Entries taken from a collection
------------------------------------------------

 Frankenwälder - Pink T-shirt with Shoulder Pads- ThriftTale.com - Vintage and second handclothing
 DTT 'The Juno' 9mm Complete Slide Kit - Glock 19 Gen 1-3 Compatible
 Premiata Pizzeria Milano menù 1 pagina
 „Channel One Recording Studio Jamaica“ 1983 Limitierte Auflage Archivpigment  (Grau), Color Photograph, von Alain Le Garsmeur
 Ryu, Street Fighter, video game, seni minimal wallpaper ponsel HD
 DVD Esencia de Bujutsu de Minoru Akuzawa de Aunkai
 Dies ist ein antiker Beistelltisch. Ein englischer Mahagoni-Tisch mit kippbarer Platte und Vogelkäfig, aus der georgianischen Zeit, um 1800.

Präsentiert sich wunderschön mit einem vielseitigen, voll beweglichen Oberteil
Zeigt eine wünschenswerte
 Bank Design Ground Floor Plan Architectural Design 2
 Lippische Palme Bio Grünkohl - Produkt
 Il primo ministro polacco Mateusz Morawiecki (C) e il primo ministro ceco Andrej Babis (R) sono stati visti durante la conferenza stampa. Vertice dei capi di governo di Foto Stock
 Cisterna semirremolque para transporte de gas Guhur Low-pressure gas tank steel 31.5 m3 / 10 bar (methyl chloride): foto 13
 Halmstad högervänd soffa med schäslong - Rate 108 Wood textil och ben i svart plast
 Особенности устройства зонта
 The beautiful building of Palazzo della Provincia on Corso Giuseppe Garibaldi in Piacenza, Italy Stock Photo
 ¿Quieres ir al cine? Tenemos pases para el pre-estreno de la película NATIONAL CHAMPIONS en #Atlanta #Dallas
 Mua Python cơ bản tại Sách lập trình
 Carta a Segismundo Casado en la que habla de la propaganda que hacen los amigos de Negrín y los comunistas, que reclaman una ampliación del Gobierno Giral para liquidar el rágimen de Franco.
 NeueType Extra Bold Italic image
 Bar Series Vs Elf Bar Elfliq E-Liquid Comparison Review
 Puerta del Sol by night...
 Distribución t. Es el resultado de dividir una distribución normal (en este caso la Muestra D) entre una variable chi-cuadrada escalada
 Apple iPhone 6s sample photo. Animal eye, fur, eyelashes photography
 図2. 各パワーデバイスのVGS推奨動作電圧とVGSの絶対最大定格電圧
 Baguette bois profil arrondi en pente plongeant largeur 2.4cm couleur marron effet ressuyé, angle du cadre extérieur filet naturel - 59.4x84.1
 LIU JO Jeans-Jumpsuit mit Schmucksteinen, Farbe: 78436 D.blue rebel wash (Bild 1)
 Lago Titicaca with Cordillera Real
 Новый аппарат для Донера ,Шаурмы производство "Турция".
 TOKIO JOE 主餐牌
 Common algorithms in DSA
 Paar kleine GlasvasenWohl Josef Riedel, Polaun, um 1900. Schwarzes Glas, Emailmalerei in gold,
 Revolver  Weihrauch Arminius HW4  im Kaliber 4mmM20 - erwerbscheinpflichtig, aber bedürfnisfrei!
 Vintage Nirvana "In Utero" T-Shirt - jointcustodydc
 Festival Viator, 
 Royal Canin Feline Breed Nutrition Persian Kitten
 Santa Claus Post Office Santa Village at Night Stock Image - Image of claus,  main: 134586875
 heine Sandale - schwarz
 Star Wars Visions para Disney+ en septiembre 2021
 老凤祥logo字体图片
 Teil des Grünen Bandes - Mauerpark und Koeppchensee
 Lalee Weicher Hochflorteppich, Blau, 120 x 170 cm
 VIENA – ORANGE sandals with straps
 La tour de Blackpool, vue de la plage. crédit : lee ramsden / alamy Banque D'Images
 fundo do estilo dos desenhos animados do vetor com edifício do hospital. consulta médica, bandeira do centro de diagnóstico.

------------------------------------------------

◆ Problem ◆
Retype the entries word for word.

◆ Task result ◆
 Frankenwälder - Pink T-shirt with Shoulder Pads- ThriftTale.com - Vintage and second handclothing
 DTT 'The Juno' 9mm Complete Slide Kit - Glock 19 Gen 1-3 Compatible
 Premiata Pizzeria Milano menù 1 pagina
 „Channel One Recording Studio Jamaica“ 1983 Limitierte Auflage Archivpigment  (Grau), Color Photograph, von Alain Le Garsmeur
 Ryu, Street Fighter, video game, seni minimal wallpaper ponsel HD
 DVD Esencia de Bujutsu de Minoru Akuzawa de Aunkai
 Dies ist ein antiker Beistelltisch. Ein englischer Mahagoni-Tisch mit kippbarer Platte und Vogelkäfig, aus der georgianischen Zeit, um 1800.

Präsentiert sich wunderschön mit einem vielseitigen, voll beweglichen Oberteil
Zeigt eine wünschenswerte
 Bank Design Ground Floor Plan Architectural Design 2
 Lippische Palme Bio Grünkohl - Produkt
 Il primo ministro polacco Mateusz Morawiecki (C) e il primo ministro ceco Andrej Babis (R) sono stati visti durante la conferenza stampa. Vertice dei capi di governo di Foto Stock
 Cisterna semirremolque para transporte de gas Guhur Low-pressure gas tank steel 31.5 m3 / 10 bar (methyl chloride): foto 13
 Halmstad högervänd soffa med schäslong - Rate 108 Wood textil och ben i svart plast
 Особенности устройства зонта
 The beautiful building of Palazzo della Provincia on Corso Giuseppe Garibaldi in Piacenza, Italy Stock Photo
 ¿Quieres ir al cine? Tenemos pases para el pre-estreno de la película NATIONAL CHAMPIONS en #Atlanta #Dallas
 Mua Python cơ bản tại Sách lập trình
 Carta a Segismundo Casado en la que habla de la propaganda que hacen los amigos de Negrín y los comunistas, que reclaman una ampliación del Gobierno Giral para liquidar el rágimen de Franco.
 NeueType Extra Bold Italic image
 Bar Series Vs Elf Bar Elfliq E-Liquid Comparison Review
 Puerta del Sol by night...
 Distribución t. Es el resultado de dividir una distribución normal (en este caso la Muestra D) entre una variable chi-cuadrada escalada
 Apple iPhone 6s sample photo. Animal eye, fur, eyelashes photography
 図2. 各パワーデバイスのVGS推奨動作電圧とVGSの絶対最大定格電圧
 Baguette bois profil arrondi en pente plongeant largeur 2.4cm couleur marron effet ressuyé, angle du cadre extérieur filet naturel - 59.4x84.1
 LIU JO Jeans-Jumpsuit mit Schmucksteinen, Farbe: 78436 D.blue rebel wash (Bild 1)
 Lago Titicaca with Cordillera Real
 Новый аппарат для Донера ,Шаурмы производство "Турция".
 TOKIO JOE 主餐牌
 Common algorithms in DSA
 Paar kleine GlasvasenWohl Josef Riedel, Polaun, um 1900. Schwarzes Glas, Emailmalerei in gold,
 Revolver  Weihrauch Arminius HW4  im Kaliber 4mmM20 - erwerbscheinpflichtig, aber bedürfnisfrei!
 Vintage Nirvana "In Utero" T-Shirt - jointcustodydc
 Festival Viator, 
 Royal Canin Feline Breed Nutrition Persian Kitten
 Santa Claus Post Office Santa Village at Night Stock Image - Image of claus,  main: 134586875
 heine Sandale - schwarz
 Star Wars Visions para Disney+ en septiembre 2021
 老凤祥logo字体图片
 Teil des Grünen Bandes - Mauerpark und Koeppchensee
 Lalee Weicher Hochflorteppich, Blau, 120 x 170 cm
 VIENA – ORANGE sandals with straps
 La tour de Blackpool, vue de la plage. crédit : lee ramsden / alamy Banque D'Images
 fundo do estilo dos desenhos animados do vetor com edifício do hospital. consulta médica, bandeira do centro de diagnóstico.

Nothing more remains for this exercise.